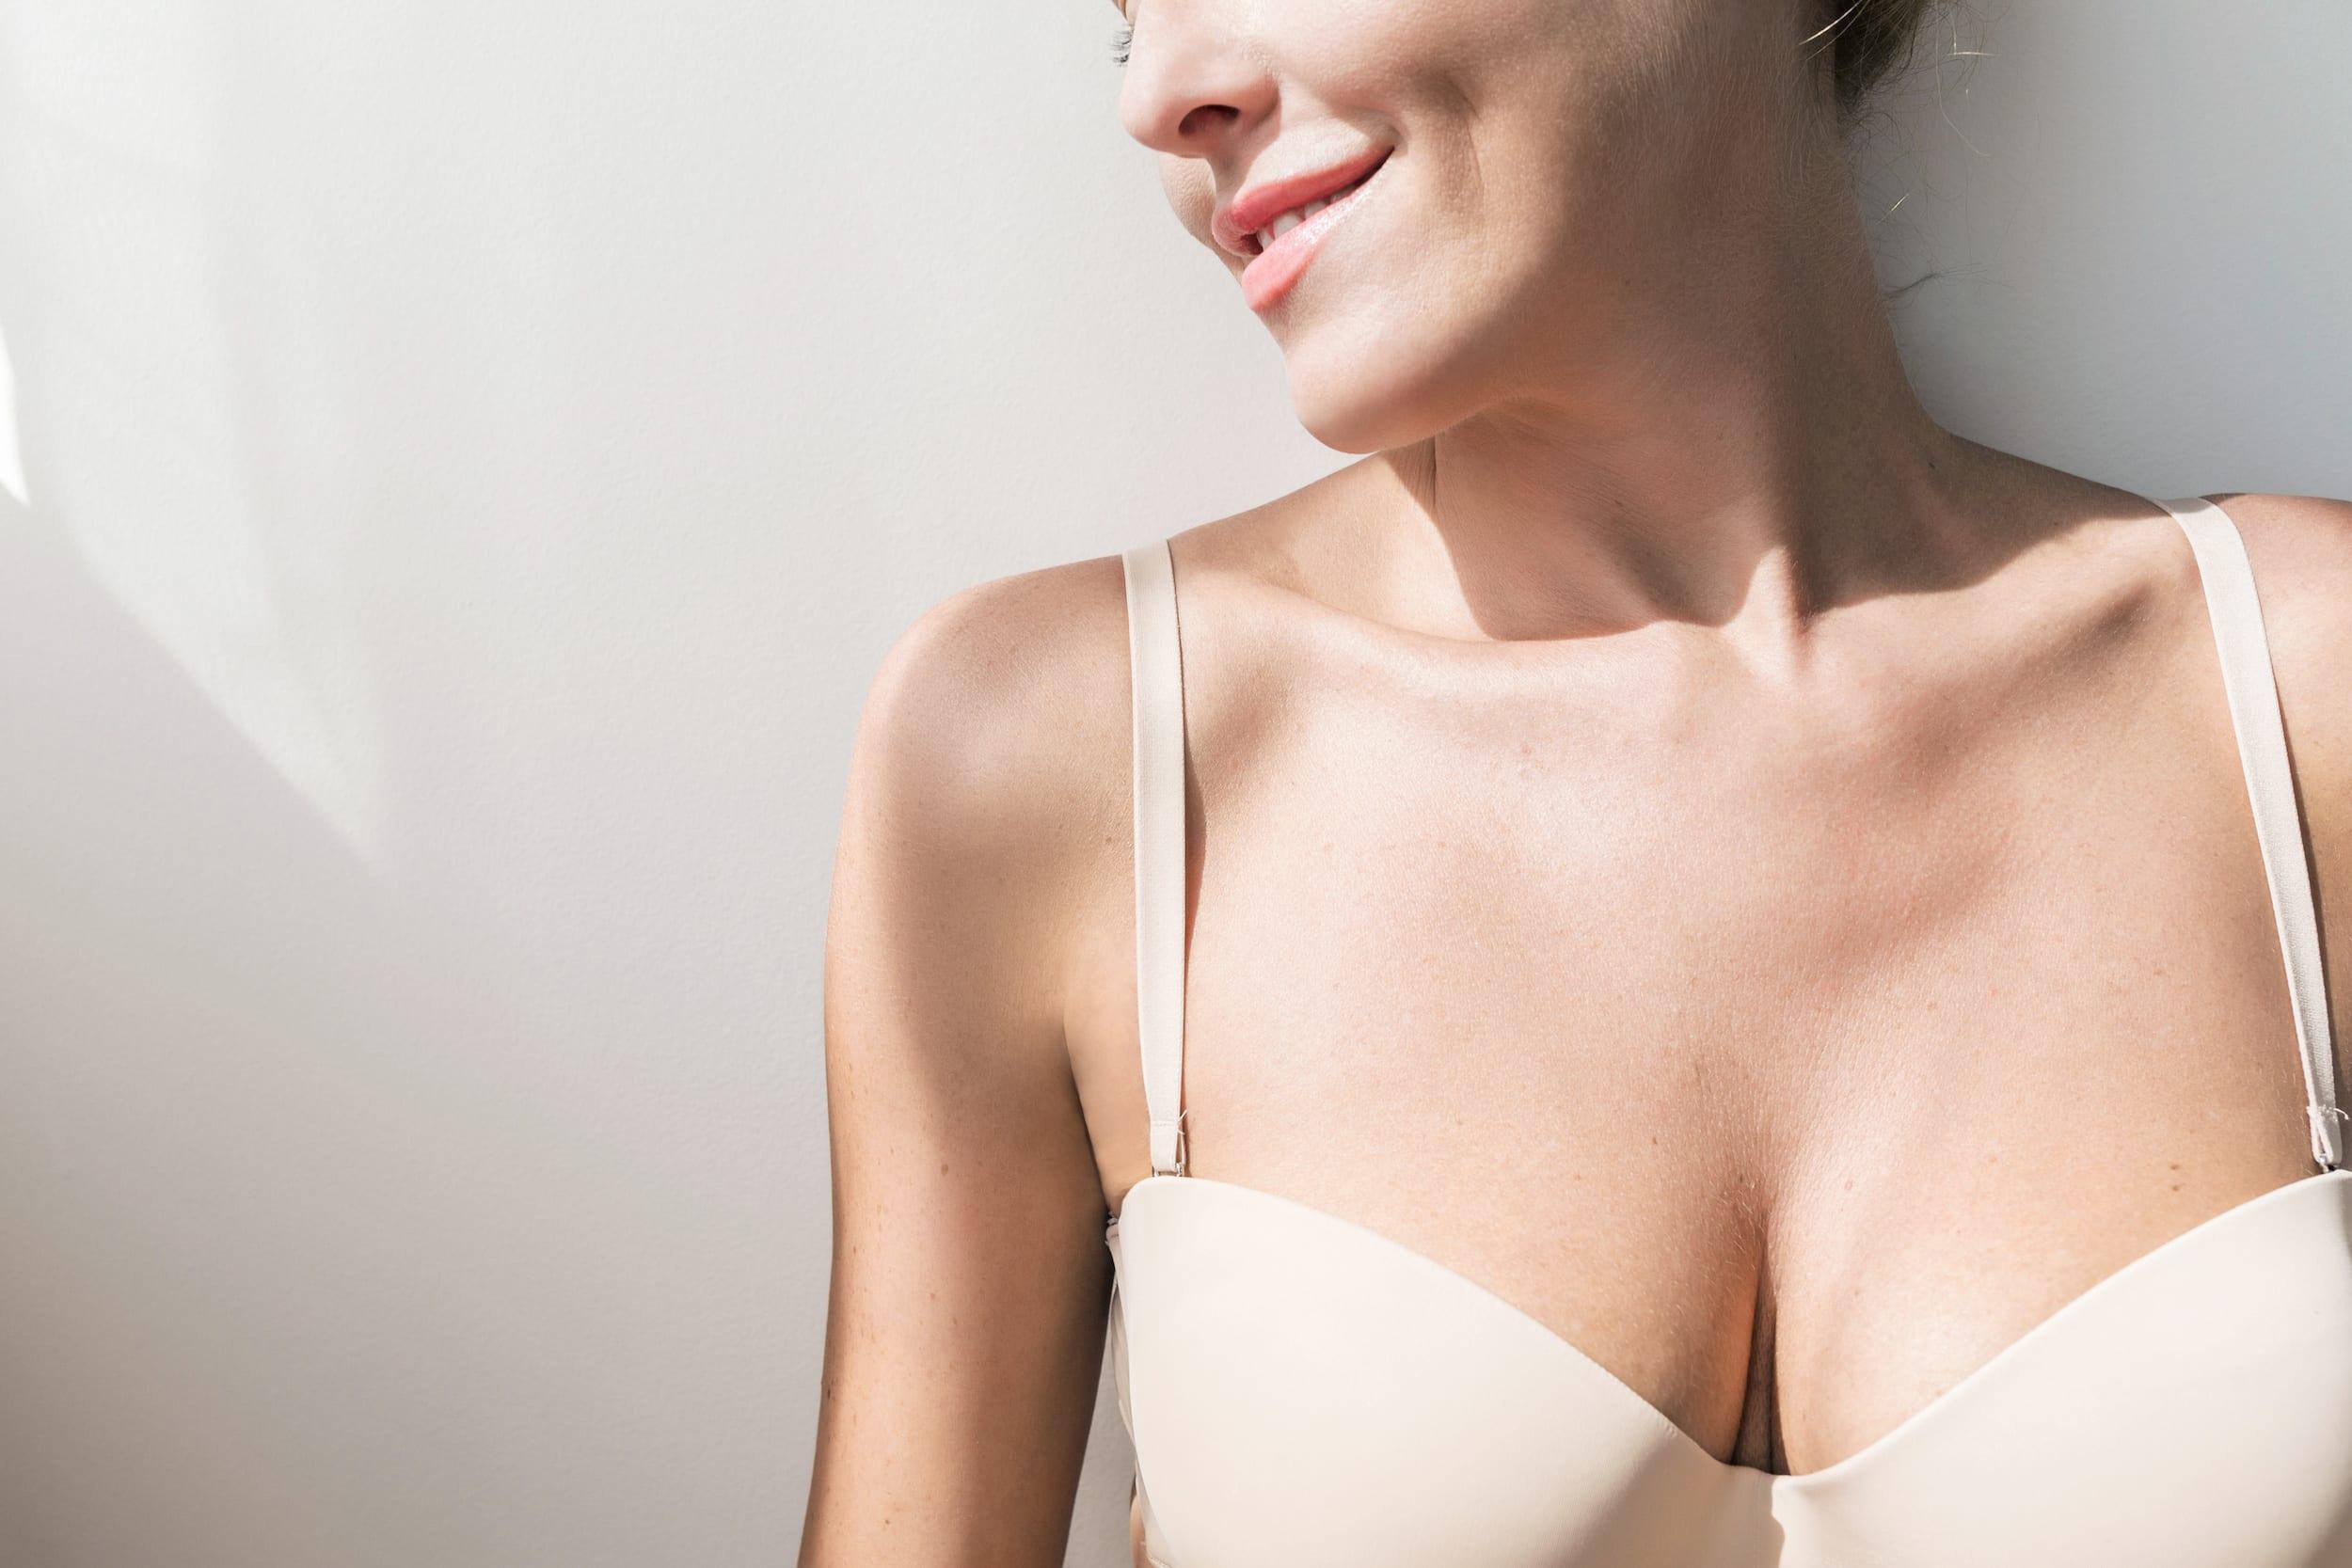 Portrait of Caucasian woman wearing lingerie after Breast Lift in Winnipeg, MB
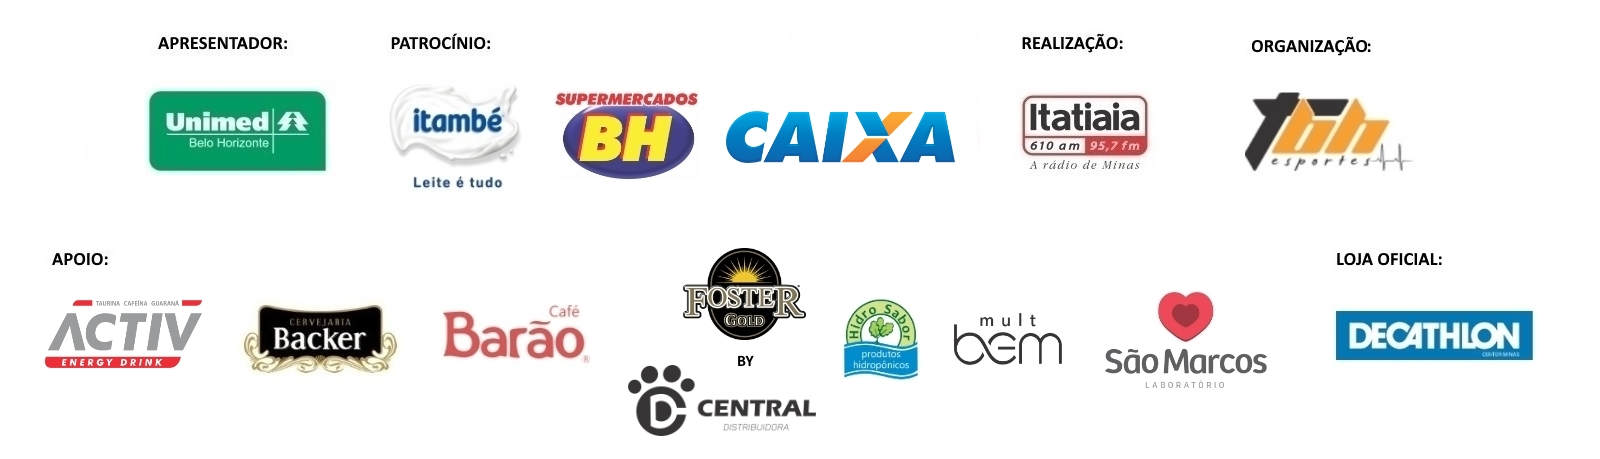 Corrida-da-Itatiaia-Barra-de-Logos-5
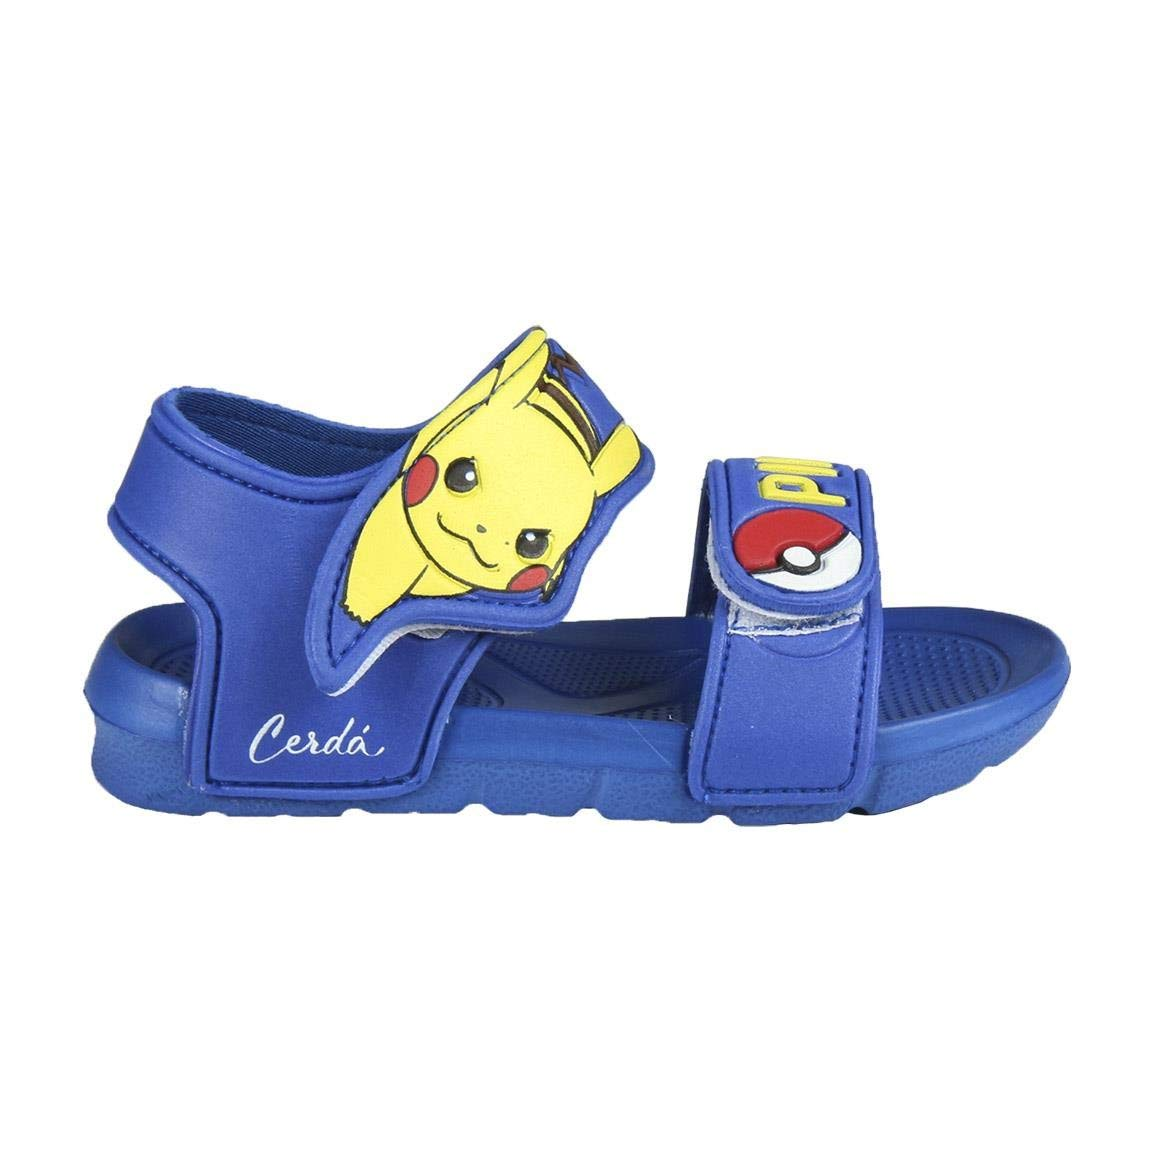 Sandalias de Playa Pokemon 6816 talla 31

## WORK REQUEST
Please return the full listing word for word, but without any pictures.

## REPLY
 Portrait of Caucasian woman wearing lingerie after Breast Lift in Winnipeg, MB
 Corrida-da-Itatiaia-Barra-de-Logos-5
 Sandalias de Playa Pokemon 6816 talla 31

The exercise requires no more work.